What to do: When you retype the data, keep every word exactly and include none of the pictures.

Records to process:
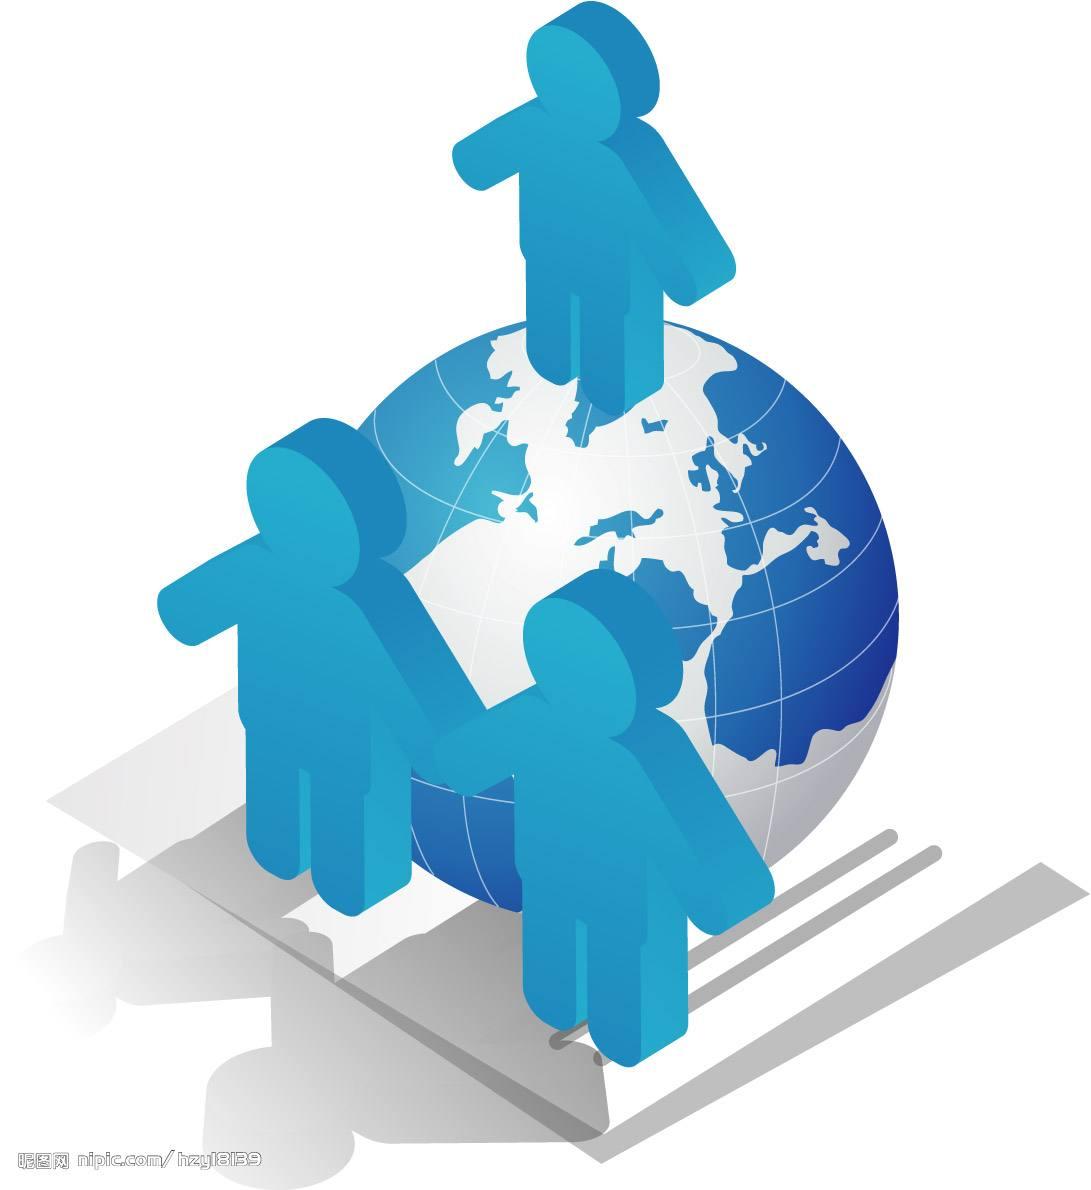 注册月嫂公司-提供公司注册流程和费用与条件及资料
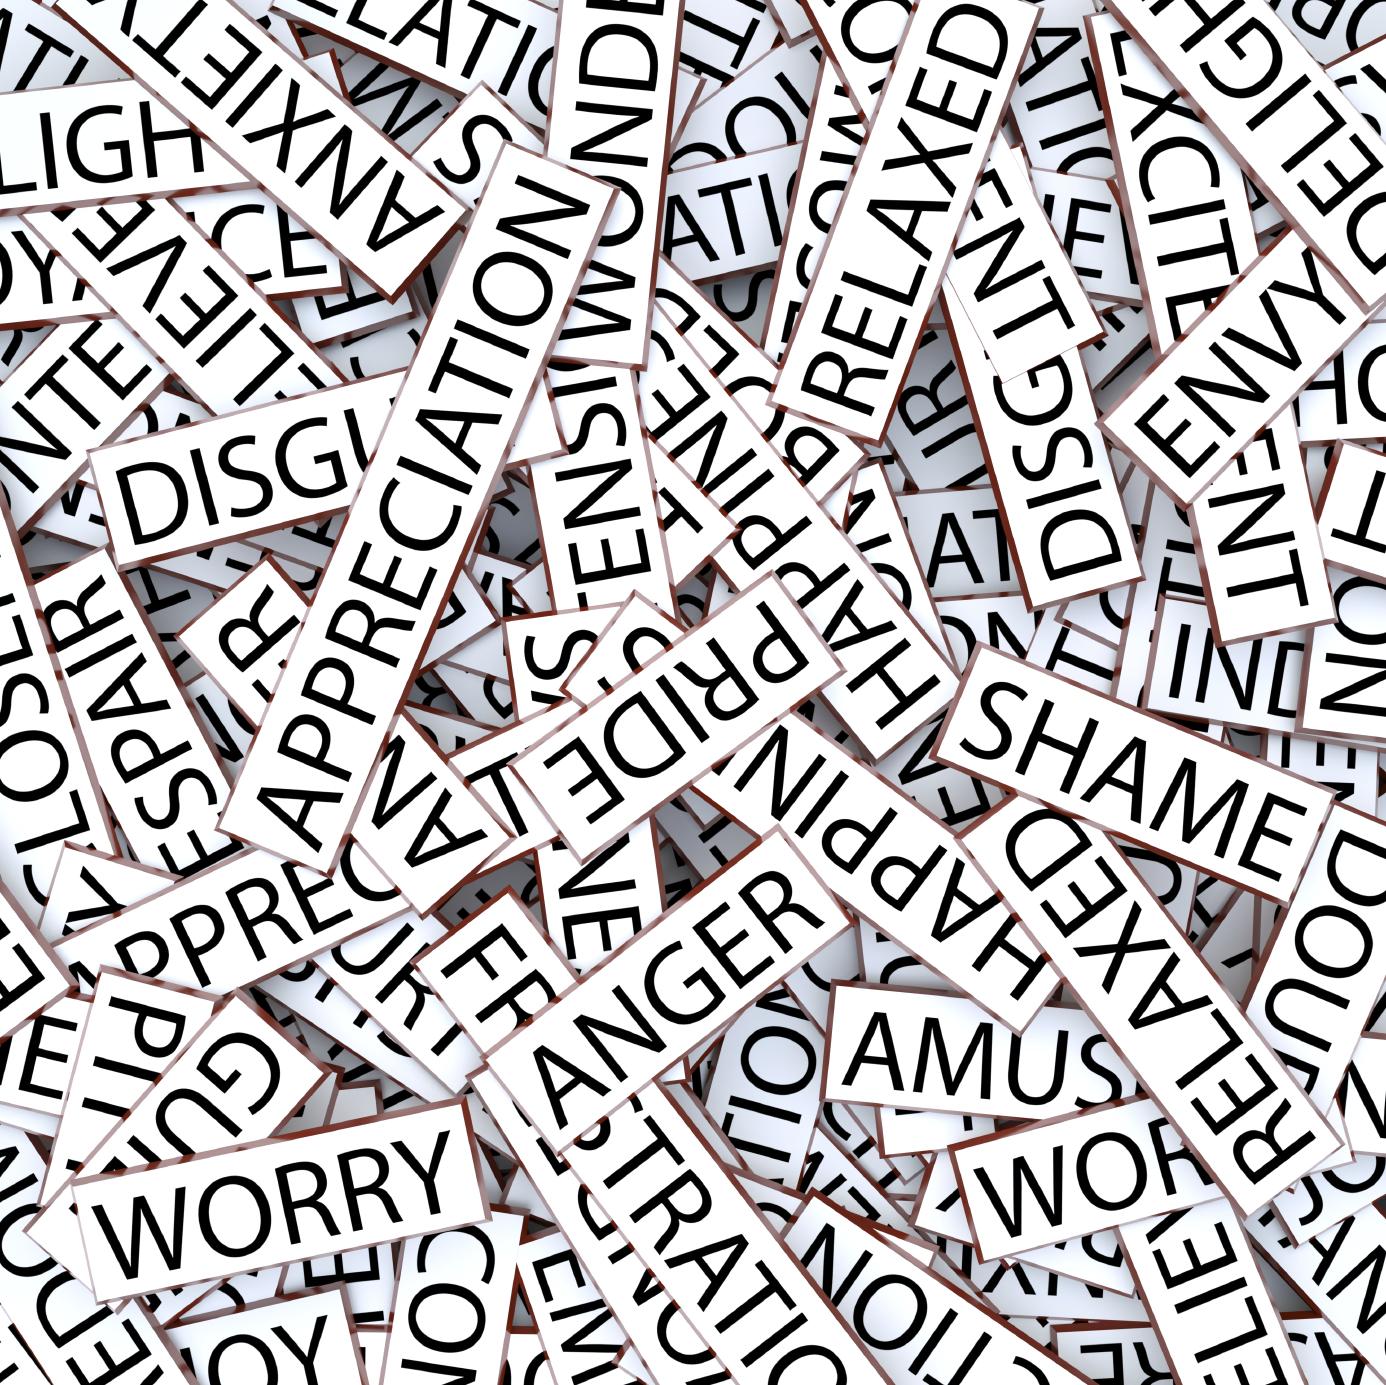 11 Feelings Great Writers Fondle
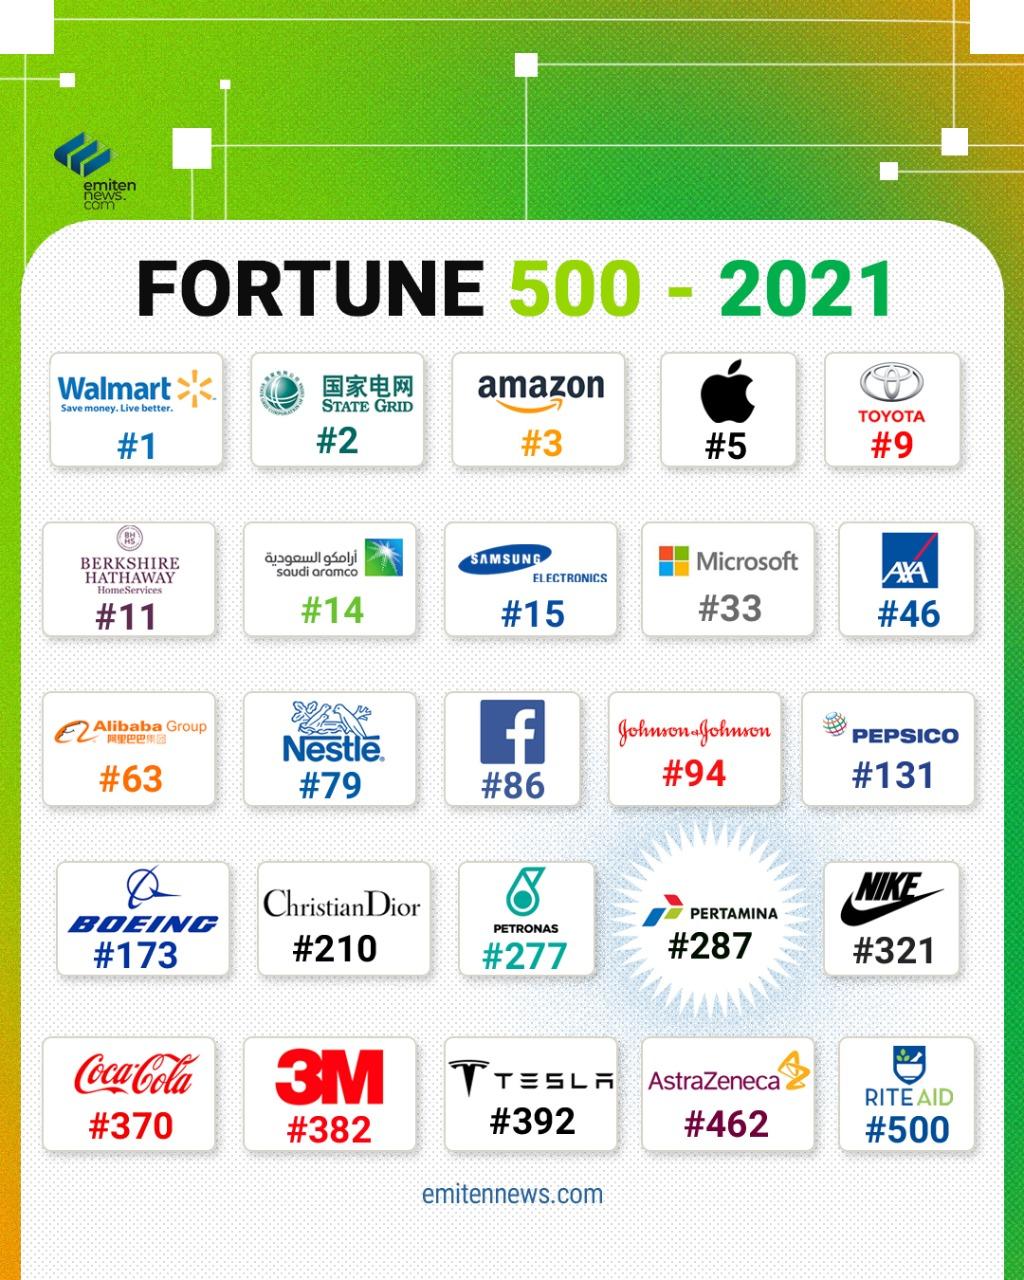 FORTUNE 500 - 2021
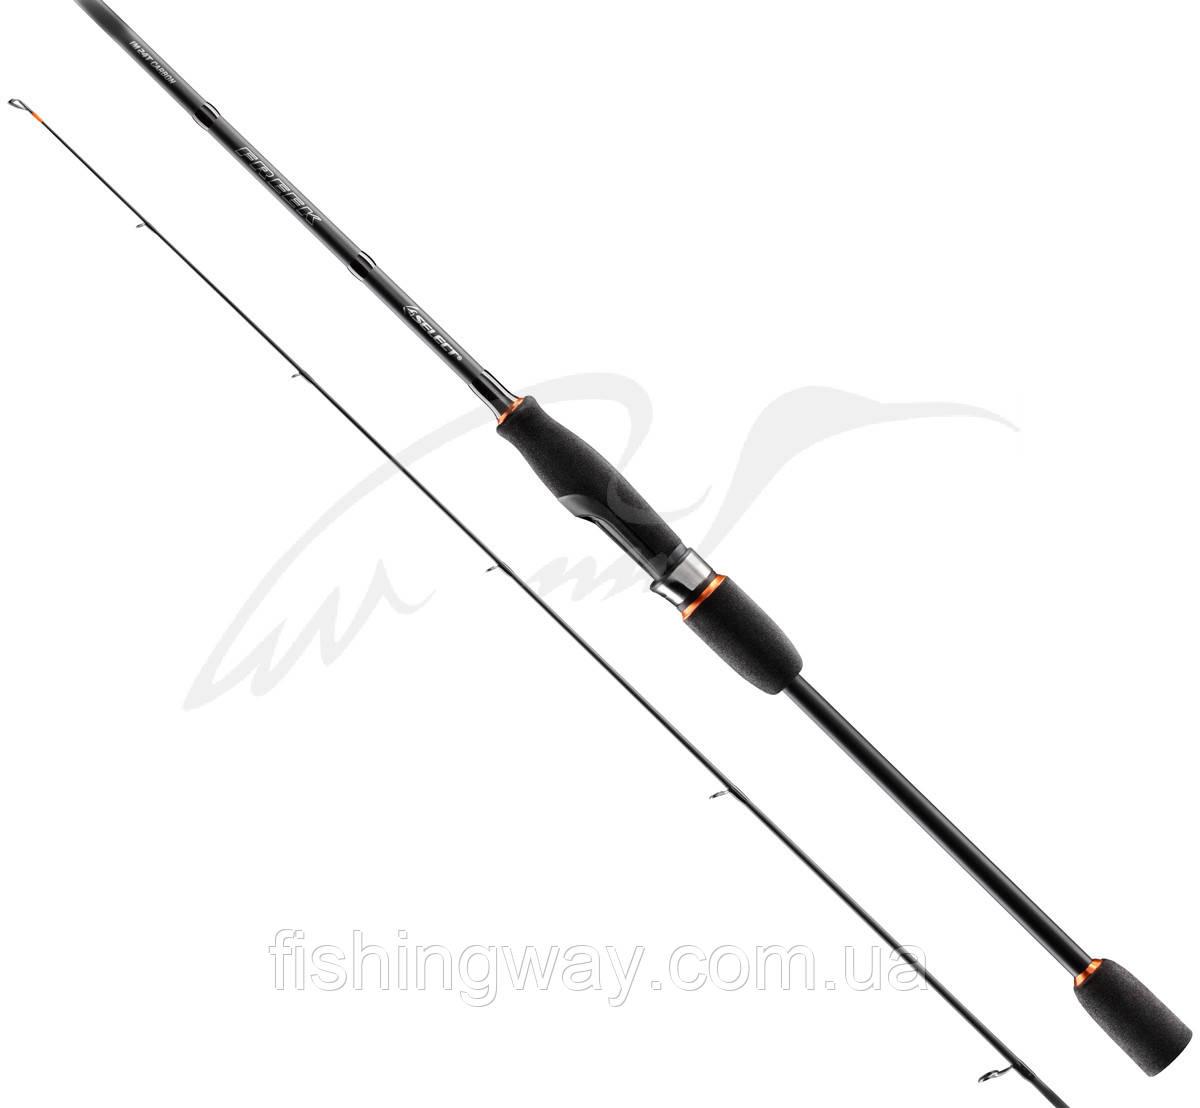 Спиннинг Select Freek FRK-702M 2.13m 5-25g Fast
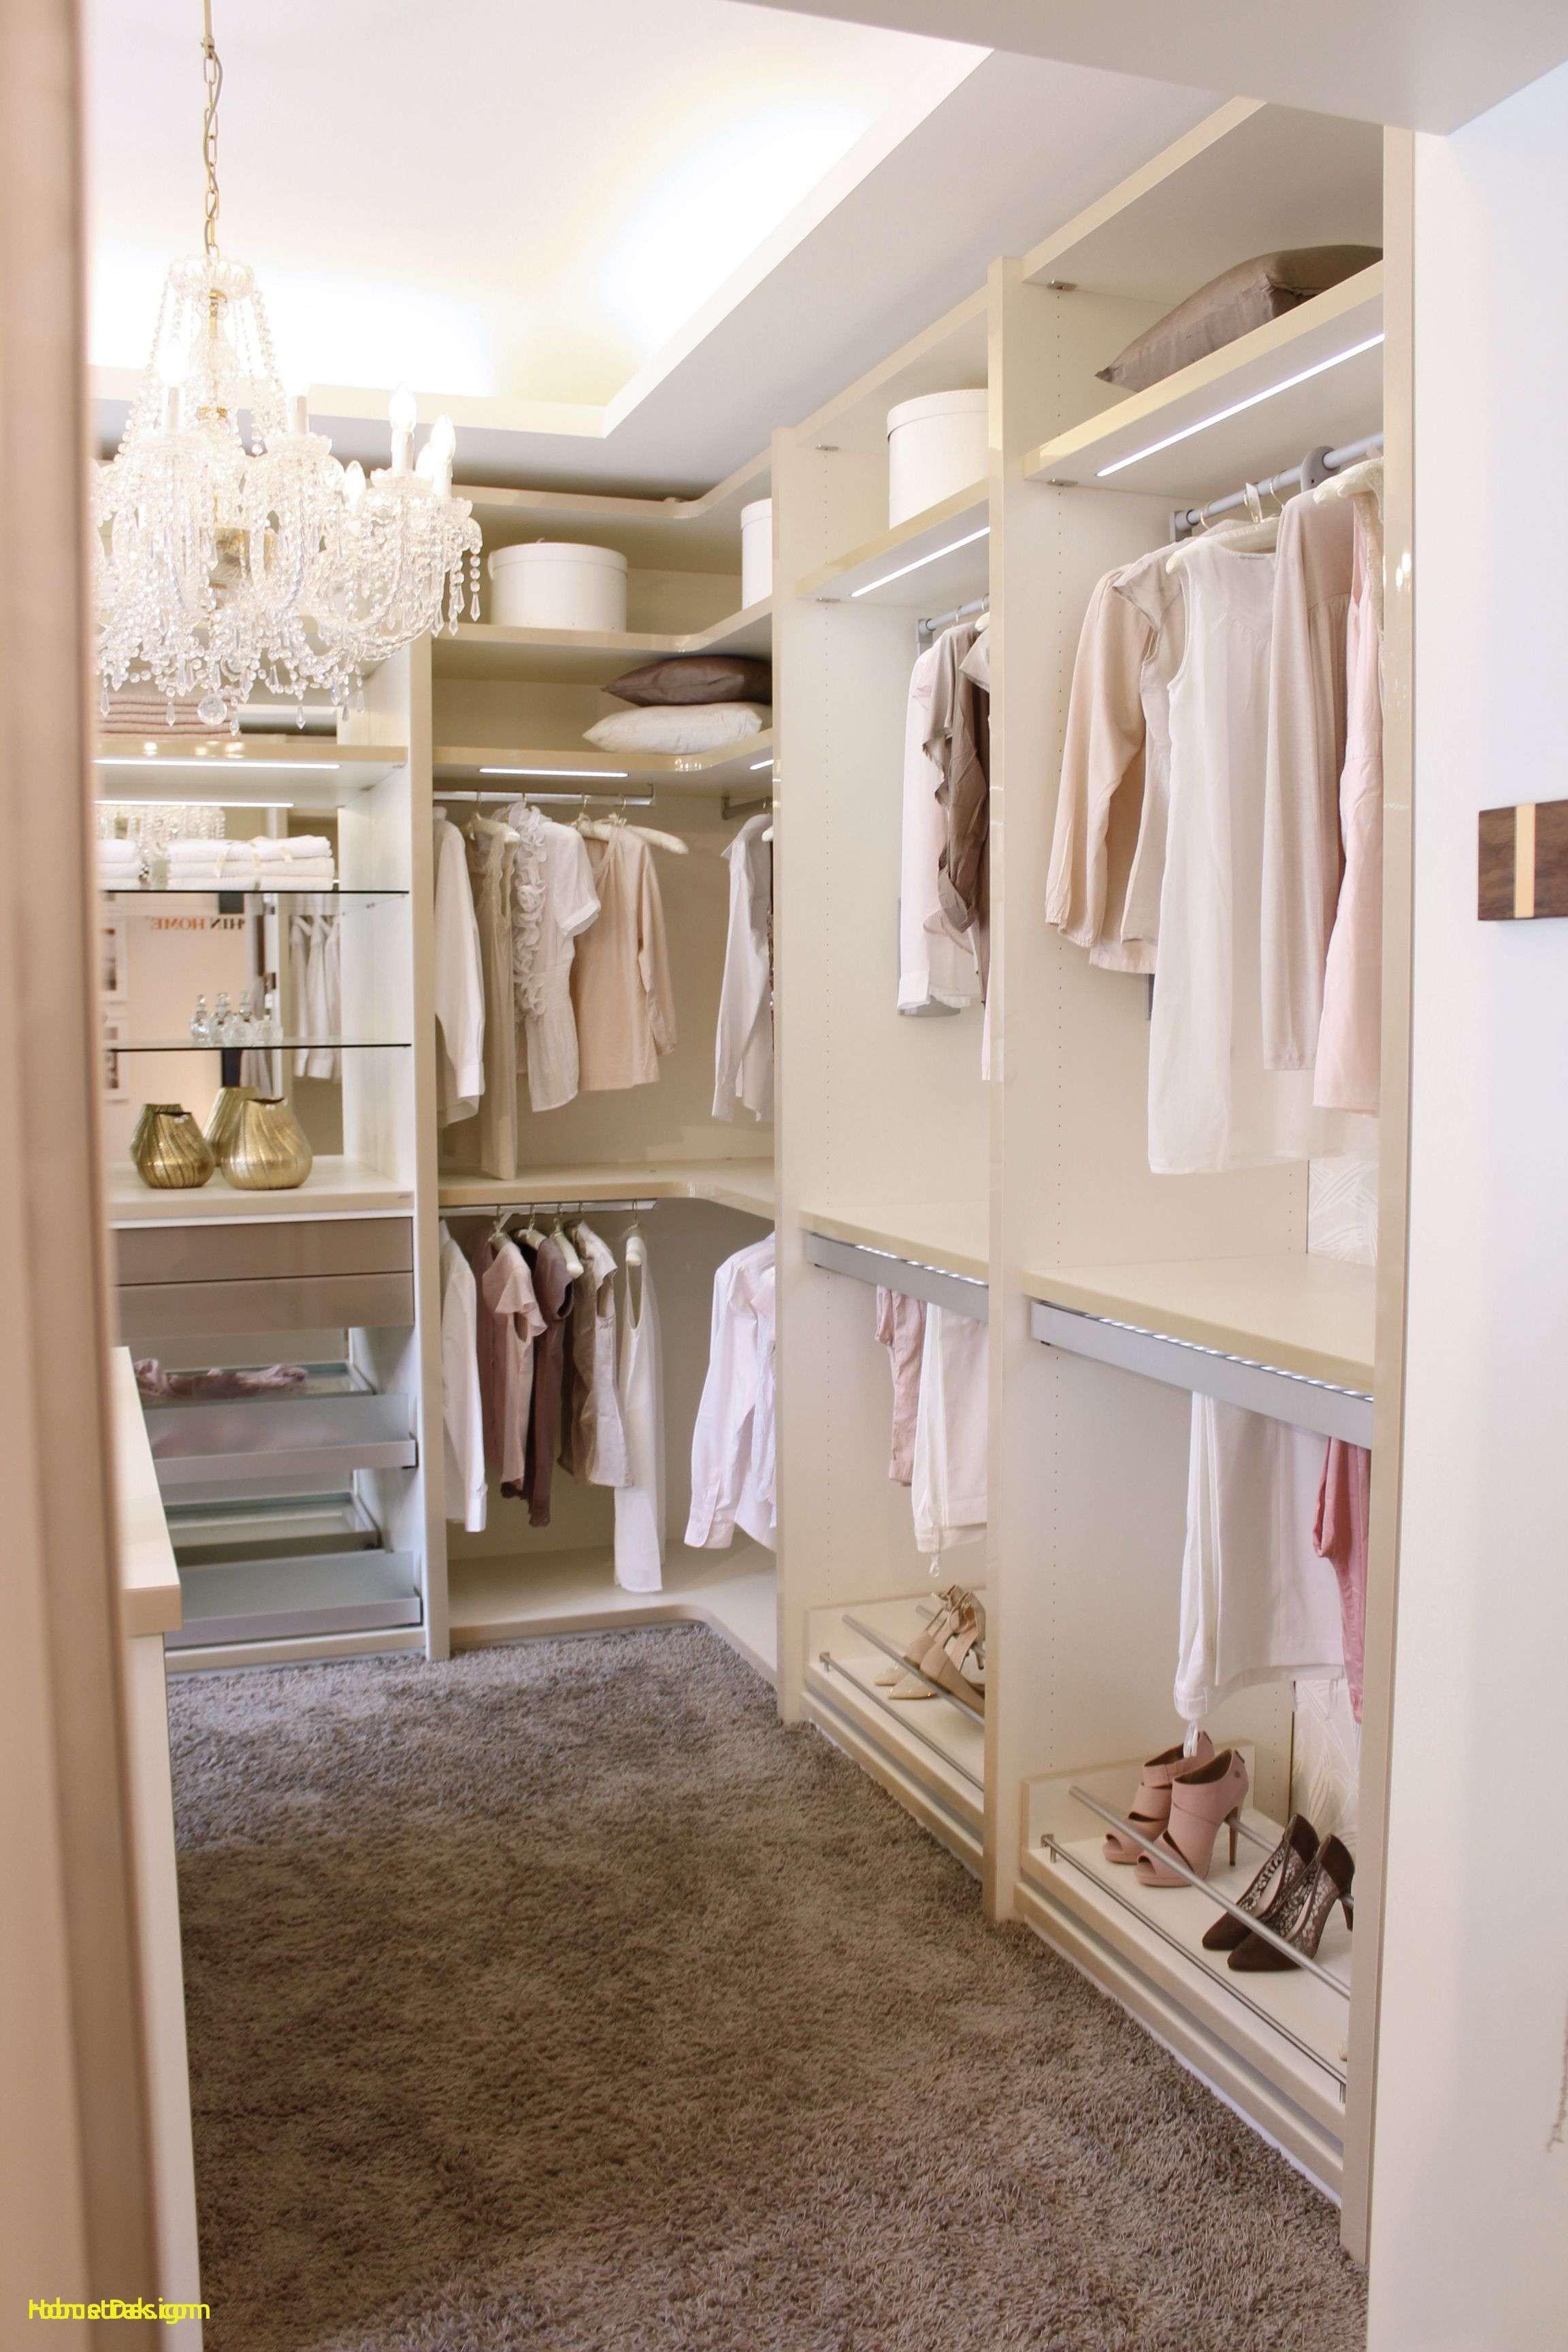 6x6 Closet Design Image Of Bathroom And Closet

Completed task:
 注册月嫂公司-提供公司注册流程和费用与条件及资料
 11 Feelings Great Writers Fondle
 FORTUNE 500 - 2021
 Спиннинг Select Freek FRK-702M 2.13m 5-25g Fast
 6x6 Closet Design Image Of Bathroom And Closet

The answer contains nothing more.